“We live in the Republic of Feel-Good in a time when all the scum of America is rising to the top.” So begins Public Men, the final novel of “the University trilogy” in which Pulitzer Prize winner Allen Drury concludes some fifty years in the lives of the members of the World War II generation whose stories he began on the eve of the war in the novel Toward What Bright Glory?
The second novel, Into What Far Harbor?, carries them on through the challenges, triumphs, and tragedies of the war and on to the years when they must worry about their world and the world of their children against the backdrop of the later Vietnam War. Now in Public Men, set in the year 2000, when most are either about to embark upon, or have already entered, their eighties, the fifteen who remain of the original twenty-six meet for a last reunion on the beautiful campus where they shared a fondly remembered fraternity house and the hopes and dreams of youth confronted by history's most chaotic and ominously foreboding century.
Public Men concerns them all, but overshadowing their lives as in the two previous novels is the life of Richard Emmett Wilson -- “Willie,” now and for many years a United States Senator from his native California; his legislative triumphs on Capitol Hill; the tragic death of his first wife, Donna; his second and third marriages; his political disagreements with, but ultimate pride in, his older son Latt as Latt follows in his footsteps into the House of Representatives and then into the Senate; and, finally, Willie's campaign for president, threatened by other personal tragedies, most devastatingly those of his gentle, vulnerable younger son, Amos.
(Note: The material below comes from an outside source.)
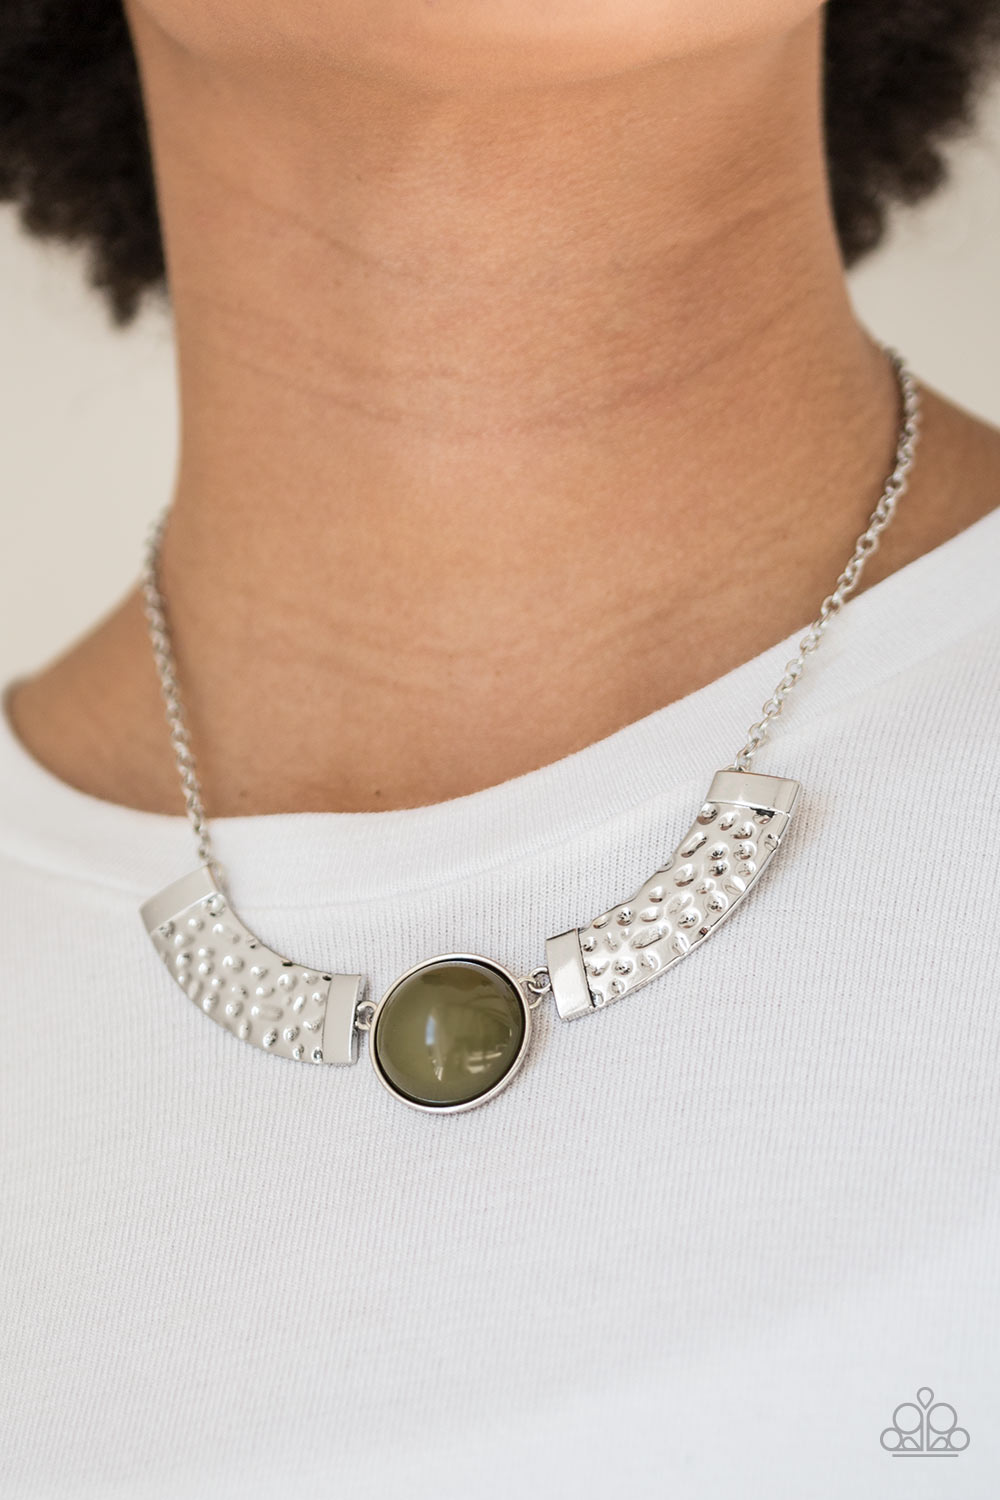 Egyptian Spell Necklace - Green

Through it all, Willie, often in alliance with Tim Bates, does battle against what he sees as the “phony liberalism” of his famous fraternity brother Dr. René (Renny) Suratt; and Renny and his powerful friends of academe and the media in turn do battle with what they see as the “reactionary conservatism” of Willie and his friends. Tim, wielder of a savage commentator's pen, refers to “Renny and his crew” as “the scum” he attacks. Renny responds with equally scathing pen and matching contempt. As with many of the public men in Public Men, these three fraternity brothers sum up what they regard as the major political and social issues of end-of-the-millennium twentieth century. Allen Drury skillfully meshes the public and private lives of his characters against the Washington world that has formed the rich backdrop of many of his twenty-five books.